Glenn Beck goes on to say in Stein’s article, “If I were born in Great Britain and read about Britain and America, I’d love the values and principles and the men who founded this country,” he said. “I love that we crossed these mountains and didn’t know what was on the other side. I love that the Pilgrims didn’t want to come here, but they came here because they felt prompted to by God. There’s always been a spirit of adventure and awe in this land. And I don’t think any other country has that.”

That’s a big part of who we are and what we love about our country. Nothing can hold us back. Liberals like limits. Love to restrict, and control. Conservative love the opportunity and the risk and the chance to make it happen, or fail. But if we fail it isn’t for lack of trying. Liberals don’t trust each other enough to take the risk.
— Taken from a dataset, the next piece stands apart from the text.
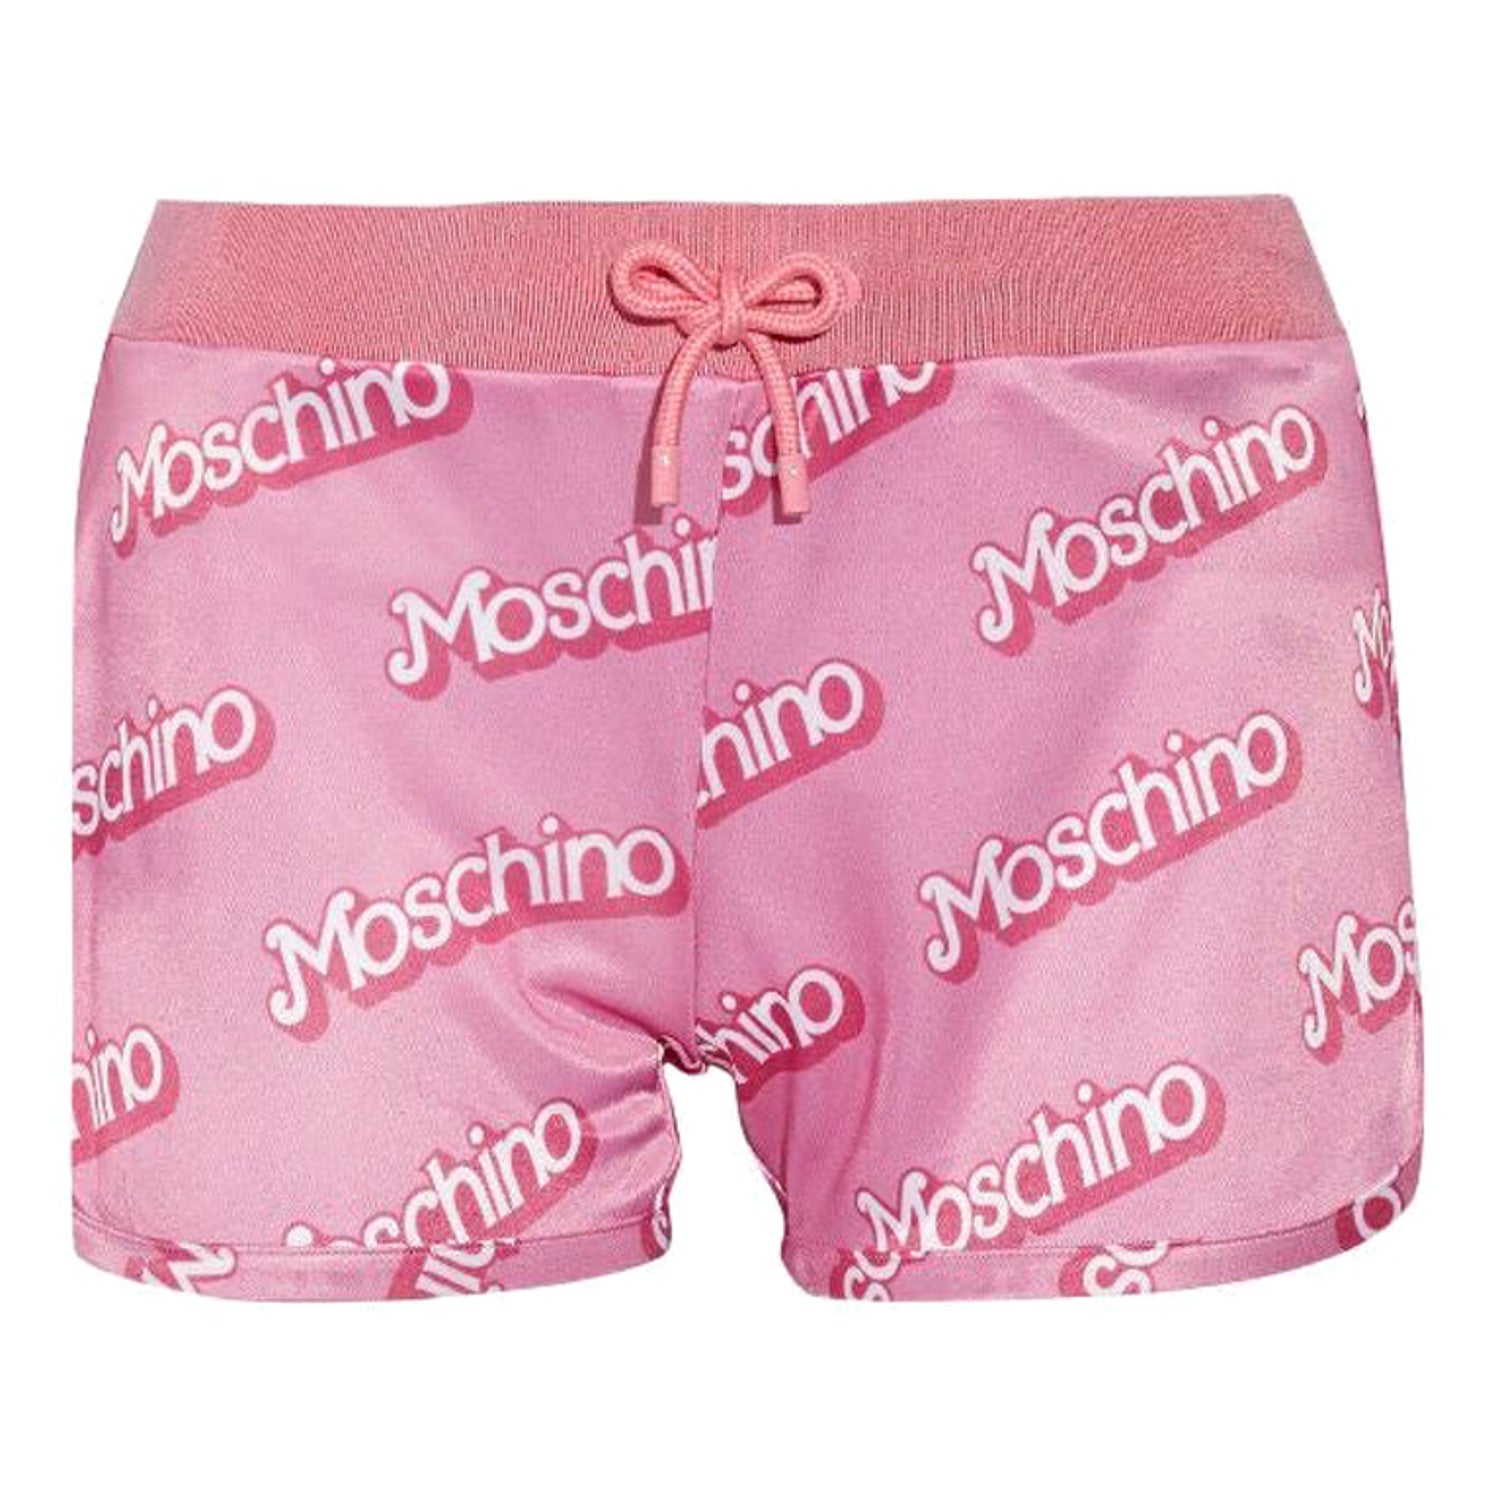 Moschino Barbie collection｜TikTok Search

They want the outcome and the benefits, but don’t want the risk involved. So they so often opt to maintain the status quo. Or use your sweat for the benefit of others.

Stein says, “Conservatives feel personally blessed to have been born in the only country worth living in. I, on the other hand, just feel lucky to have grown up in a wealthy democracy. If it had been Australia, Britain, Ireland, Canada, Italy, Spain, France, Luxembourg, Belgium, the Netherlands, Switzerland, Japan, Israel or one of those Scandinavian countries with more relaxed attitudes toward sex, that would have been fine with me too.”… “This doesn’t mean I’m not fascinated by American history, impressed by our Constitution or don’t appreciate our optimism and entrepreneurial spirit. In fact, I love everything [FOX’s Sean] Hannity listed on his TV special other than Madonna. But there are plenty of things I don’t like about America: our foreign policy, our religious fundamentalism, our provincialism, our intellectual laziness, our acceptance of sweat suits in public.”

On Stein’s article Cassy writes, “I understand the point of the column. It’s a criticism. We’re “blinded” by love to the point where we don’t even see America’s flaws. But that’s not quite true. I see them, as do many conservatives. But unlike liberals, that’s not all I see. I look at America and love her for everything she is, both the good and the bad. I look at my country, and despite the mistakes we have made and inevitably will continue to make, still know that this is the freest, best country on the face of the Earth, know that anyone from anywhere in the world can come here and build a good life for themselves if they’re only willing to work hard and play by the rules, that America will always stand for freedom and justice and democracy.”

Cassy Fiano gets it. Sadly, most liberals won’t. They’ll go on living in a world that they only see succeeding when they can mitigate, accommodate, control, take away, and give away whatever it is they think will lead to more well balanced and equal world. Even if that means less freedom. Less liberty. Less quality of life. For some at least. If not most.

Yes, I want to see a better world. I don’t want to see suffering and starvation and heartbreak. But I think it can be achieved through innovation and hard work and through shining this light of liberty and freedom to all the world and showing them just what can be accomplished when people are allowed the opportunity. Not through reformulation and redistribution.